I'd buy a pair or replacement grips AND a new gun.

Bob Wright


----------



## neophyte (Aug 13, 2007)

*super glue*

GSSP: Sir; 'Bob's' recommendation with "Cary C" :smt033
I'll reserve comment on the Ruger return on grips.

In the past; using 'super glue' part seem to hold up. Should you be able to remove the piece; without much more damage; try either 'super glue' or one of those plastic polymer glues.

If the parts are still together and you are struggling. Try heating the escutcheon. Possibly some "loc tite" has been used.

Follow up with your experiences.


----------



## GSSP (Jan 14, 2008)

*Two angled attack*

I'm attacking this situation from two different angles.:numbchuck:

1. I sent the grips to Ruger asking them to resolve the issue. ps, I'm not expecting them to do so.:smt022

2. I ordered some new AJAX Ivory grips from Midway.

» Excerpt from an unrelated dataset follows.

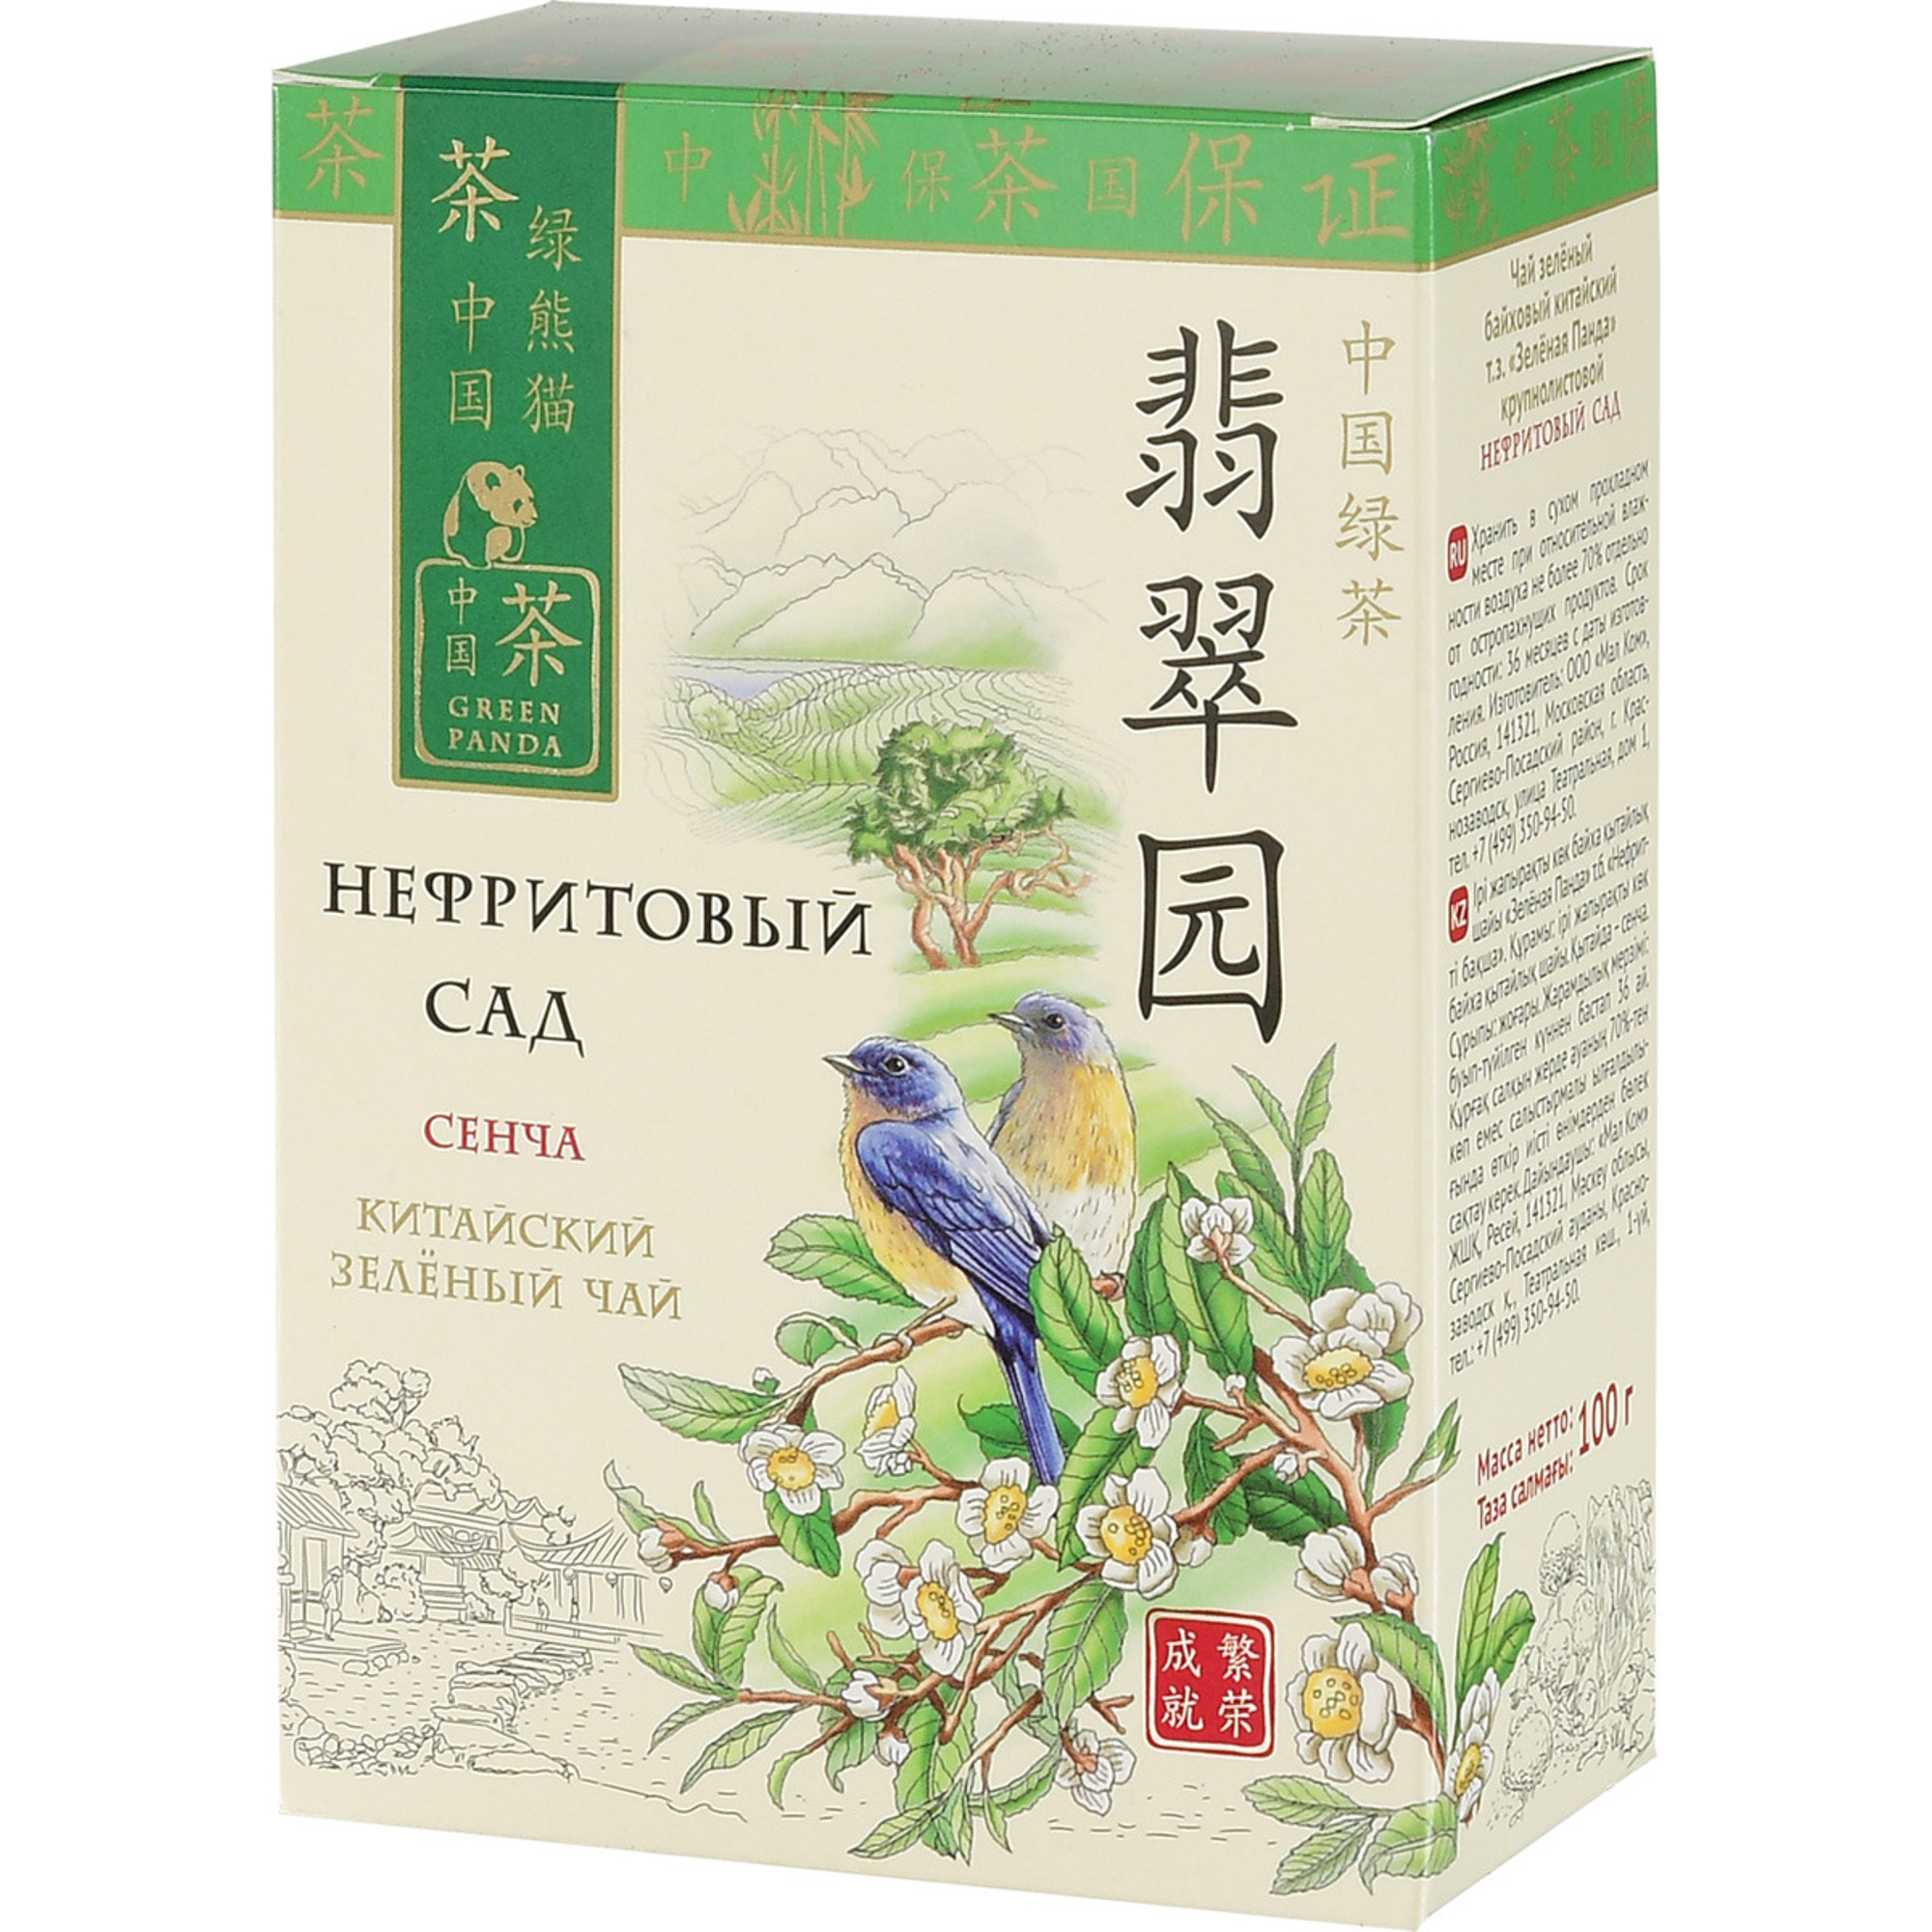 Чай зеленый Зеленая Панда Нефритовый сад Сенча листовой 100 г чай зеленый зеленая панда классический 100 г

Now, who's taking bets on Midway coming thru first?:watching:

Big Al


----------



## Baldy (Jun 21, 2006)

You said it was new to you so I am thinking you bought it used. If so I don't think Ruger will replace the grips. Midway will come through. Good luck.


----------



## neophyte (Aug 13, 2007)

*grip*

GSSP: Sir; do a follow up with your Ruger Grip replacement. I'd like to know.

Thanks


----------



## GSSP (Jan 14, 2008)

Well, Midway won! New Ajax grips arrived Monday along w/ a new Belt Mountain base #5 pin.

Old Ruger Ivory










New Ajax Ivory. Hate the gap at leading edge of the grips but then even the Ruger Ivory had a bit too.


----------



## GSSP (Jan 14, 2008)

Ruger sent a new set of ivory grips. They arrived today!:smt082


----------



## neophyte (Aug 13, 2007)

*grips*

GSSP: Sir; WoW factor from Ruger. Isn't it encouraging when someone or some company does it right:smt023
Are you gonna replace the 'Midway's' and do some pictures of the difference? That would be interesting to see. {did Ruger Match your grips up}

Thanks


----------